• **INPUT RECORDS**
__________________________________________________

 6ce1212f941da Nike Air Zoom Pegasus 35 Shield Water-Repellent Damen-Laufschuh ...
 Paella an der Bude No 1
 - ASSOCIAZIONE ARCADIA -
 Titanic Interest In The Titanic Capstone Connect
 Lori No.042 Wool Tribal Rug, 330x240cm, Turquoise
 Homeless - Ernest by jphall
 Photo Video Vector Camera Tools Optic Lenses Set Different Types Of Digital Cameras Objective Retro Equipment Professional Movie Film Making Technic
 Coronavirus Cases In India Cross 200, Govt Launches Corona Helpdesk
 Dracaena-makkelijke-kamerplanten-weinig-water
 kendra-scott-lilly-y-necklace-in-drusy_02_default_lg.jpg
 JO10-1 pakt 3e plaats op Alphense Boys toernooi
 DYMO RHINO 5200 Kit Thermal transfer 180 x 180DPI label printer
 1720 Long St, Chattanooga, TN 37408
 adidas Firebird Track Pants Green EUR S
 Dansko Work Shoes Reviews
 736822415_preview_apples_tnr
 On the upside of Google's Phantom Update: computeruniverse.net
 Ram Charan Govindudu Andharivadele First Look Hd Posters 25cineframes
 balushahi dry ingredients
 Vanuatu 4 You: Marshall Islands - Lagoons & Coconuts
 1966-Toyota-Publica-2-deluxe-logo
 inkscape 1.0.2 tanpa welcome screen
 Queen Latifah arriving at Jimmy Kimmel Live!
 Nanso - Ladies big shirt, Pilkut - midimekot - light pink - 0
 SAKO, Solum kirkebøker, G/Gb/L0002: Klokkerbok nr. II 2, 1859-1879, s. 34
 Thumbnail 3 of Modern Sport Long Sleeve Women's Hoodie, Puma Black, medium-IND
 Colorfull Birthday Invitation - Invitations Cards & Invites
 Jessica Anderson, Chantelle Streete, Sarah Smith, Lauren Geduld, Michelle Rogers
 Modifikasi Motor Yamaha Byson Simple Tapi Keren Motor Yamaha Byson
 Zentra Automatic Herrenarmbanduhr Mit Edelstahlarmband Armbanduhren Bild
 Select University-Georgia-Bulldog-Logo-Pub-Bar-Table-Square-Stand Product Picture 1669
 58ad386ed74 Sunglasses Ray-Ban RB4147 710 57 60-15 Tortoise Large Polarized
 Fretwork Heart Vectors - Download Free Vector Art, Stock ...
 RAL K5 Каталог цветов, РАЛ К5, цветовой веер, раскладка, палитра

__________________________________________________

• **TASK OBJECTIVE**
Say how many lines in the data hold the string "Long". No other content should accompany the number.

• **RESPONSE TO THIS TASK**
2